A mass $M,$ attached to a horizontal spring, executes $S.H.M.$ with amplitude ${A_1}.$ When the mass $M$ passes through its mean position then a smaller mass $m$ is placed over it and both of them move together with amplitude ${A_2}.$ The ratio of $\left( {{{{A_1}} \over {{A_2}}}} \right)$ is :
A
${{M + m} \over M}$
B
${\left( {{M \over {M + m}}} \right)^{{1 \over 2}}}$
C
${\left( {{{M + m} \over M}} \right)^{{1 \over 2}}}$
D
${M \over {M + m}}$

Explanation

The net force becomes zero at the mean point. Therefore, linear momentum must be conserved.

$\therefore$ $M{v_1} = \left( {M + m} \right){v_2}$

$M{A_1}\sqrt {{k \over M}} = \left( {M + m} \right){A_2}\sqrt {{k \over {m + M}}}$

$\therefore$ $\left( {V = A\sqrt {{k \over M}} } \right)$

${A_1}\sqrt M = {A_2}\sqrt {M + m}$
$\therefore$ ${{{A_1}} \over {{A_2}}} = \sqrt {{{m + M} \over M}}$
2

AIEEE 2011

Two particles are executing simple harmonic motion of the same amplitude $A$ and frequency $\omega$ along the $x$-axis. Their mean position is separated by distance ${X_0}\left( {{X_0} > A} \right)$. If the maximum separation between them is $\left( {{X_0} + A} \right),$ the phase difference between their motion is:
A
${\pi \over 3}$
B
${\pi \over 4}$
C
${\pi \over 6}$
D
${\pi \over 2}$

Explanation

For ${X_0} + A$ to be the maximum separation $y$ one body is at the mean position, the other should be at the extreme.
3

AIEEE 2009

If $x,$ $v$ and $a$ denote the displacement, the velocity and the acceleration of a particle executing simple harmonic motion of time period $T,$ then, which of the following does not change with time?
A
$aT/x$
B
$aT + 2\pi v$
C
$aT/v$
D
${a^2}{T^2} + 4{\pi ^2}{v^2}$

Explanation

For an $SHM,$ the acceleration $a = - {\omega ^2}x$ where ${\omega ^2}$ is a constant.

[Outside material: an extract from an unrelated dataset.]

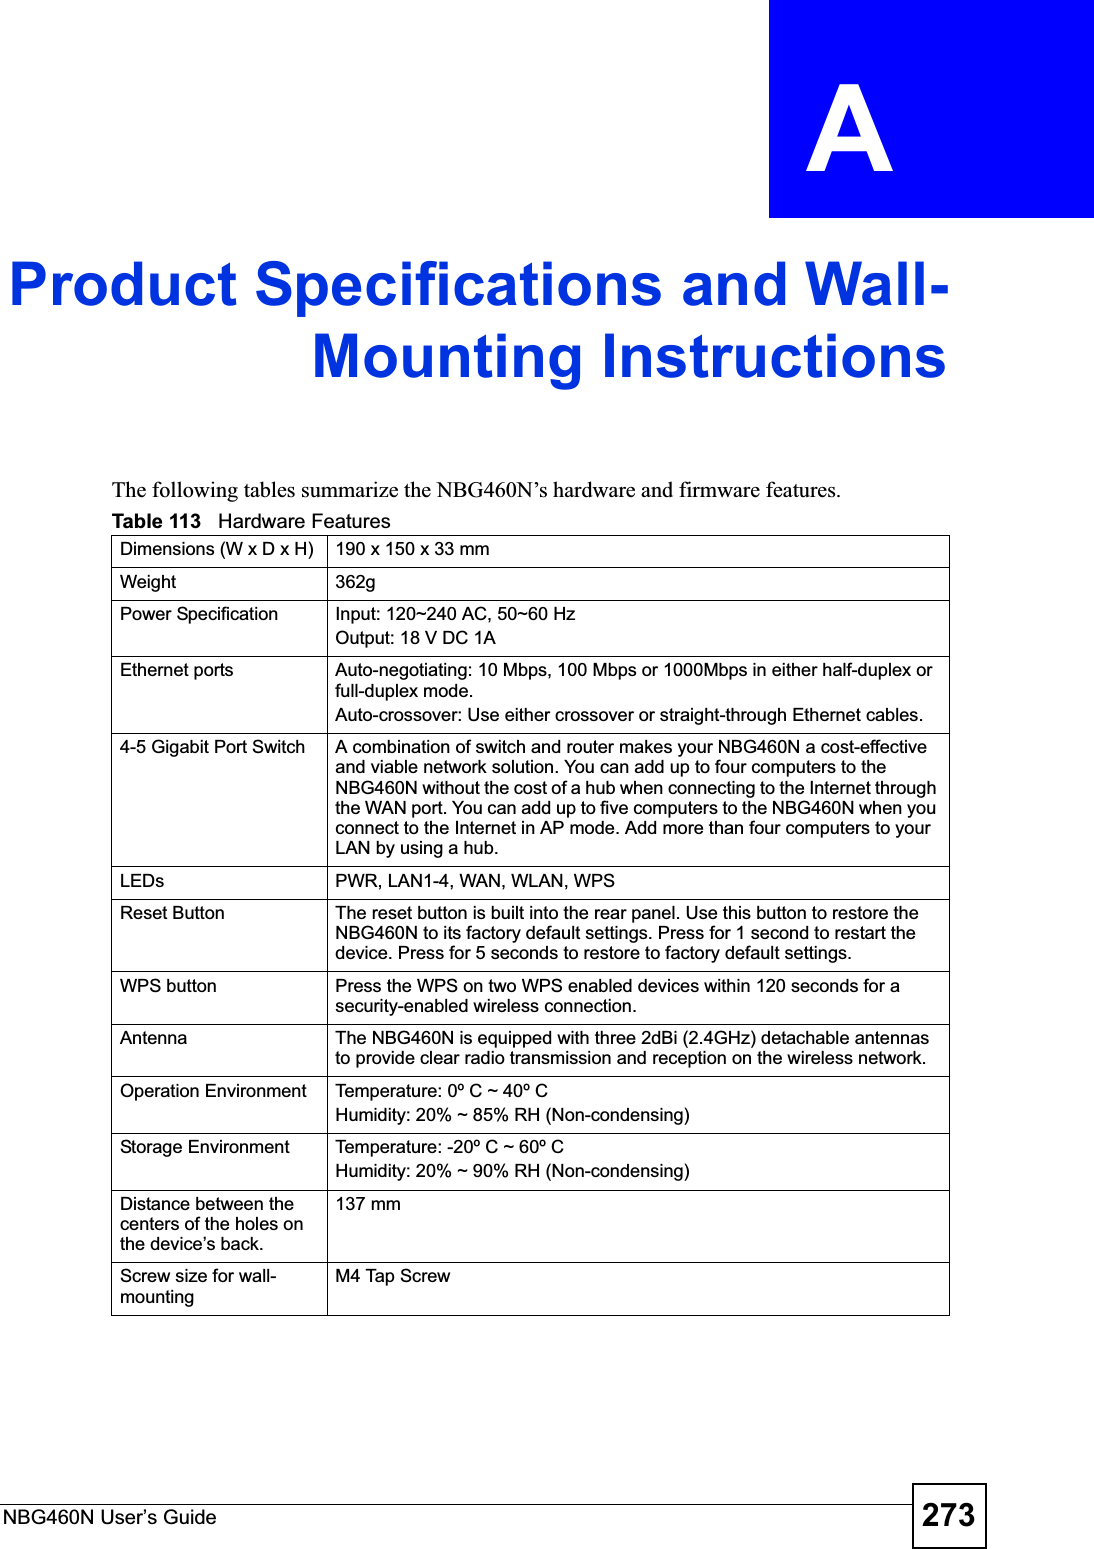 NBG460N User’s Guide 273APPENDIX  A Product Specifications and Wall-Mounting InstructionsThe following tables summarize the NBG460N’s hardware and firmware features.Table 113   Hardware FeaturesDimensions (W x D x H)  190 x 150 x 33 mmWeight 362gPower Specification Input: 120~240 AC, 50~60 HzOutput: 18 V DC 1AEthernet ports Auto-negotiating: 10 Mbps, 100 Mbps or 1000Mbps in either half-duplex or full-duplex mode.Auto-crossover: Use either crossover or straight-through Ethernet cables.4-5 Gigabit Port Switch A combination of switch and router makes your NBG460N a cost-effective and viable network solution. You can add up to four computers to the NBG460N without the cost of a hub when connecting to the Internet through the WAN port. You can add up to five computers to the NBG460N when you connect to the Internet in AP mode. Add more than four computers to your LAN by using a hub.LEDs PWR, LAN1-4, WAN, WLAN, WPSReset Button The reset button is built into the rear panel. Use this button to restore the NBG460N to its factory default settings. Press for 1 second to restart the device. Press for 5 seconds to restore to factory default settings.WPS button Press the WPS on two WPS enabled devices within 120 seconds for a security-enabled wireless connection.Antenna The NBG460N is equipped with three 2dBi (2.4GHz) detachable antennas to provide clear radio transmission and reception on the wireless network. Operation Environment Temperature: 0º C ~ 40º CHumidity: 20% ~ 85% RH (Non-condensing)Storage Environment Temperature: -20º C ~ 60º CHumidity: 20% ~ 90% RH (Non-condensing)Distance between the centers of the holes on the device’s back.137 mmScrew size for wall-mountingM4 Tap Screw

Therefore ${a \over x}$ is a constant. The time period $T$ is also constant. Therefore ${{aT} \over x}$ is a constant.
4

AIEEE 2007

The displacement of an object attached to a spring and executing simple harmonic motion is given by $x = 2 \times {10^{ - 2}}$ $cos$ $\pi t$ metre. The time at which the maximum speed first occurs is
A
$0.25$ $s$
B
$0.5$ $s$
C
$0.75$ $s$
D
$0.125$ $s$

Explanation

Here, $x = 2 \times {10^{ - 2}}\cos \,\pi \,t$

$\therefore$ $v = {{dx} \over {dt}} = 2 \times {10^{ - 2}}\,\pi \sin \pi t$

For the first time, the speed to be maximum,

$\sin \pi t = 1$ or, $\sin \pi t = \sin {\pi \over 2}$

$\Rightarrow \pi t = {\pi \over 2}\,\,\,$ or, $\,\,\,\,t = {1 \over 2} = 0.5\,\sec .$